# adding additives and diluting with water



## shanek17 (May 24, 2012)

hey everyone, so im doing my first red wine kit. its a vivo italiano Barolo red wine. its just a cheap-o wine kit, since its my first. Its currently sitting at. .997 and should be done fermenting by this weekend. However its been staying at. 997 for a week or two. Any tips here? should i wait to see if it drops lower towards. 990. 
anyways back to the topic...

Im approaching the clearing stage and instructions call for adding additives soon and im wondering about how to add them properly.

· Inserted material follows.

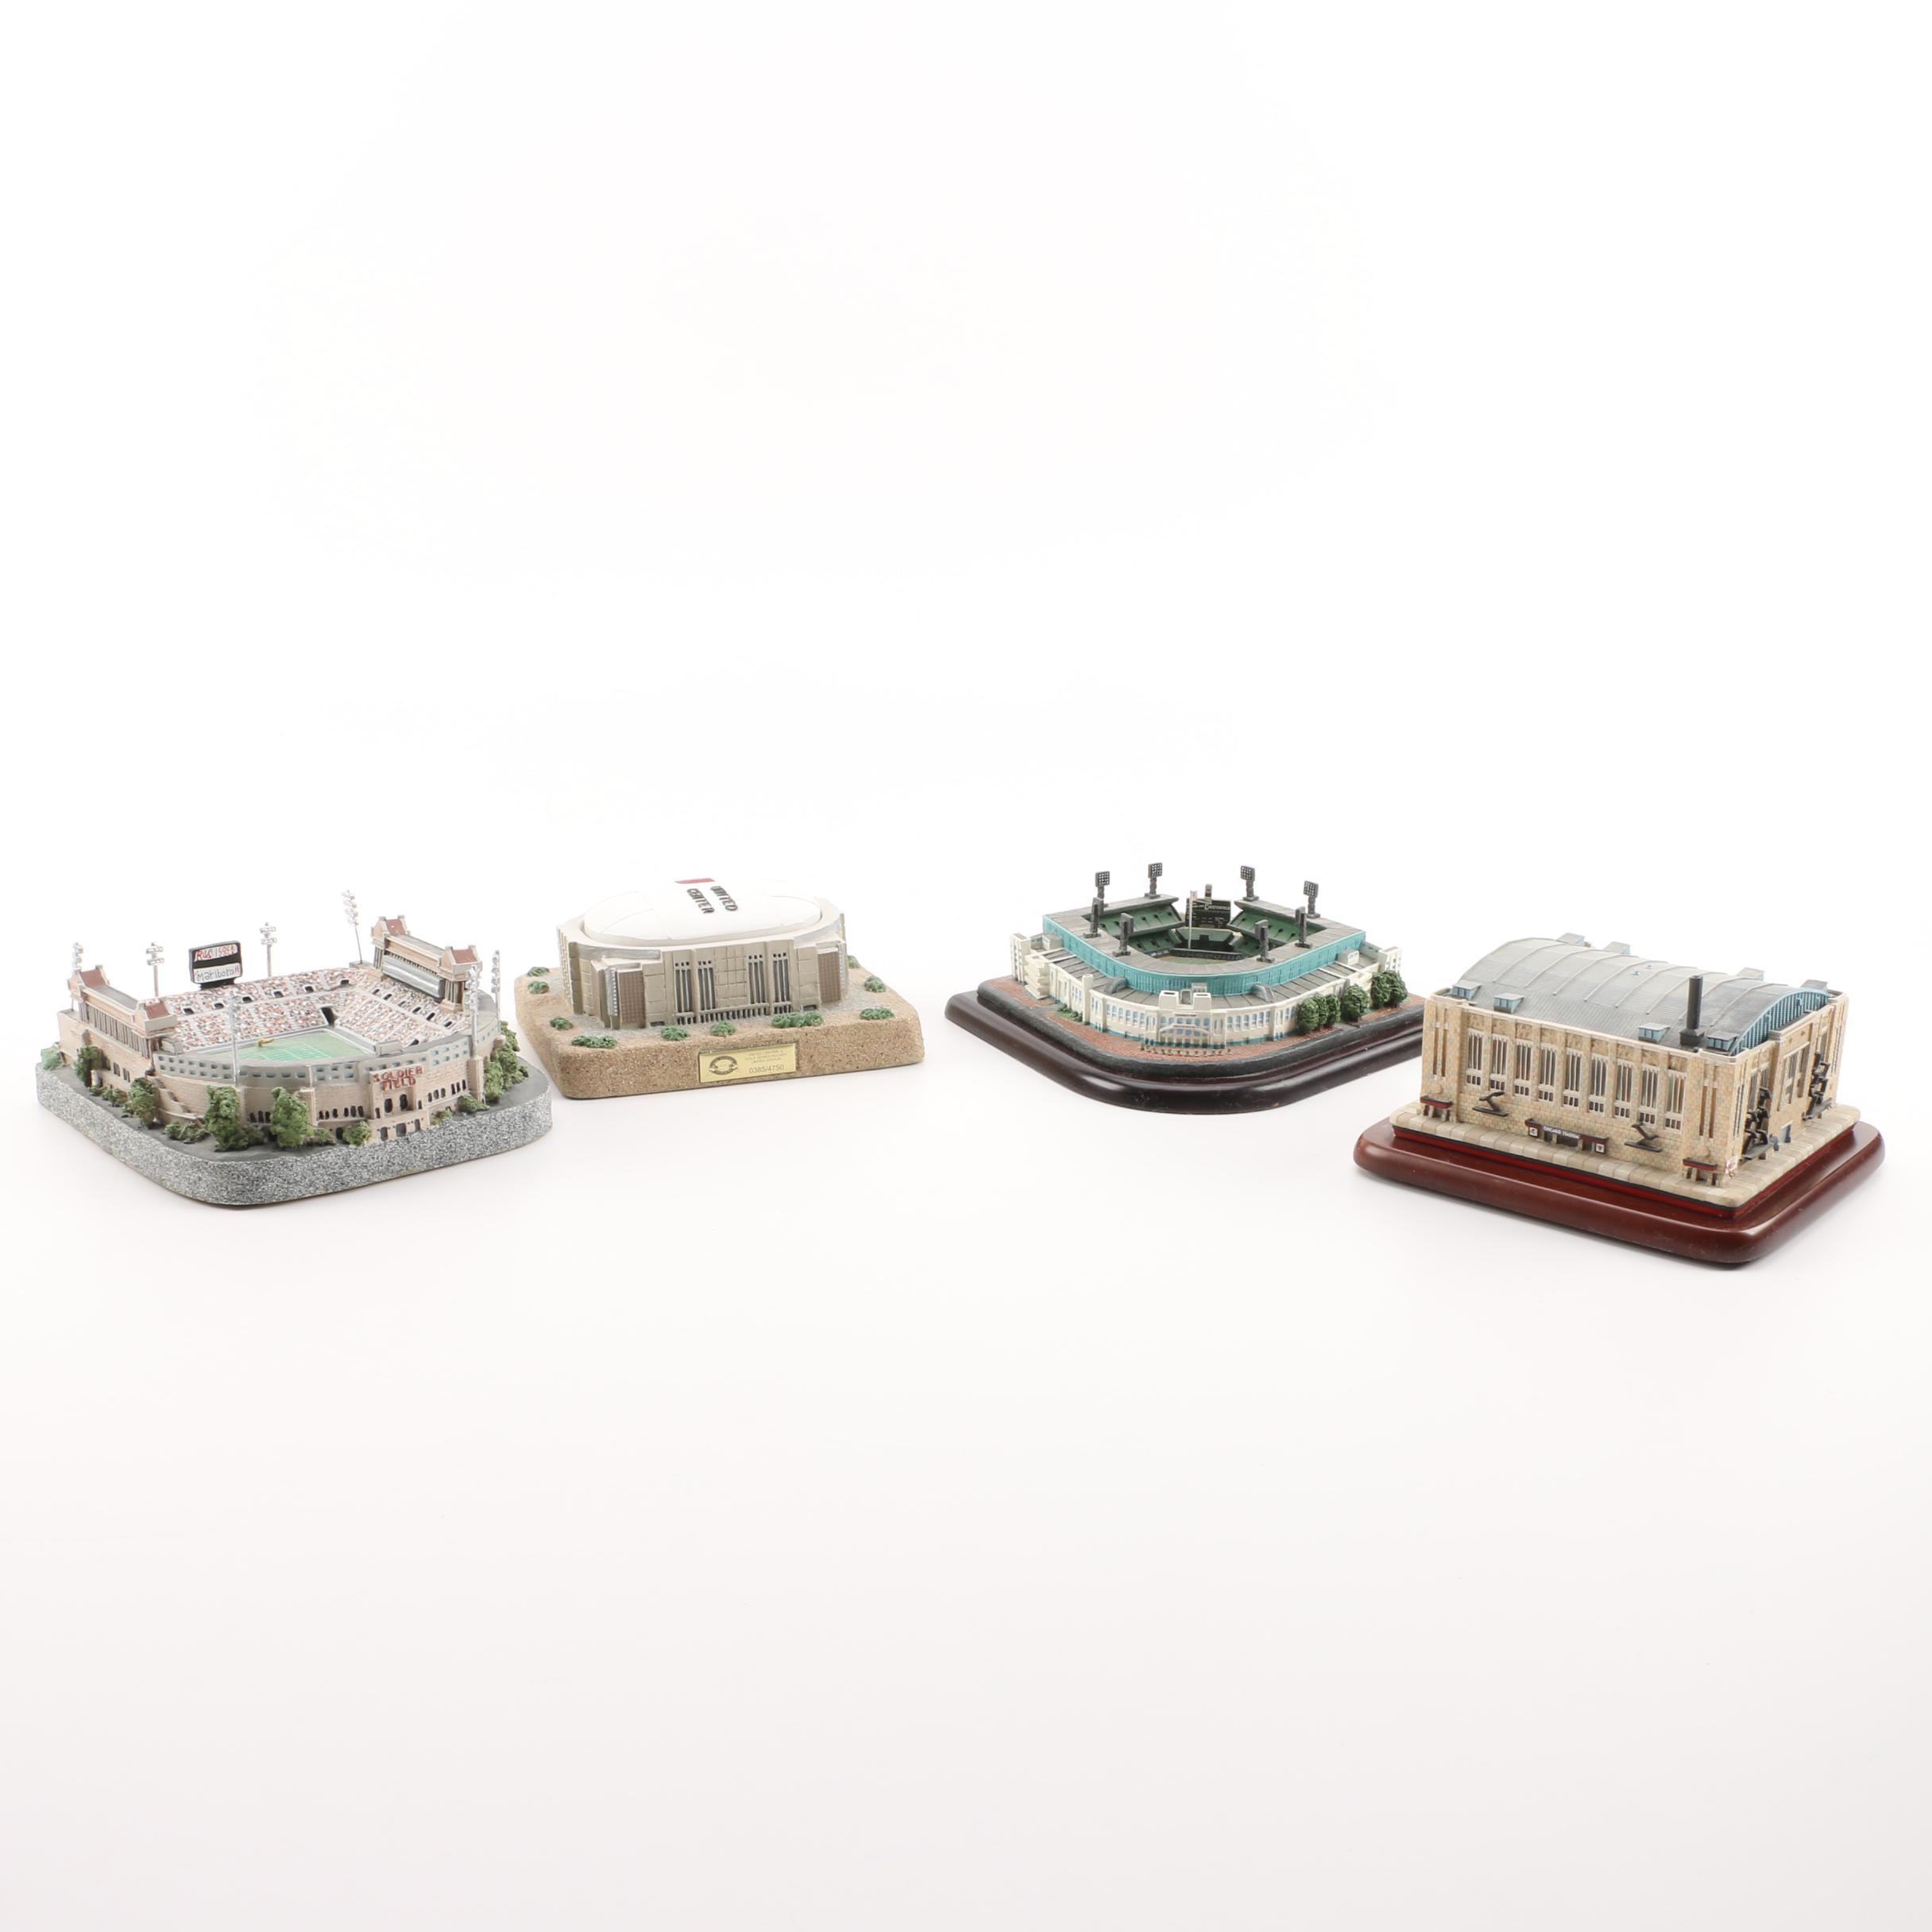 Limited Edition Miniature Illinois Sports Arenas

My kit instructions simply say to dump the additives in and stir, but iv noticed the instructions are pretty simple and leave alot to the imagination. i dont know if your familiar with craig from craig tube, but he has a good make your own wine kit video on youtube. he stated and showed to dilute the additive with water, although i think it was just for his pot sorbate. now im wondeing if i should dilute my additives that came with my kit. Ill have to look later at the exact names of the additives but i believe the kit came with, kielosol, chitosan and a wine conditioner.


----------



## Runningwolf (May 24, 2012)

I always dissolve meta and sorbate in warm water before stirring them in. I would not do that with the clearing agents though. Not a lot of water just a few ounces and stir to dissolve before adding them in.


----------



## rjb222 (May 24, 2012)

Ok first 0.997 is probably going to be as low as the kit will go judging from you saying it has bee a week at that SG. That is also a good measure for a final. You kit will contain Sulfite of one type or another most use potassium sulfite. This should be melted in just enough hot water to melt it. Same with potassium sorbate. Sir well inbetween additions. Then add kielosol an chitosan. Top up with a similar wine not water.


----------



## shanek17 (May 26, 2012)

yea i checked and the kit gives me one package and calls it a stabilizer. so is it a k meta or sorbate? or maybe a mixture of the two?


----------



## mmadmikes1 (May 26, 2012)

A mixture of the 2.


----------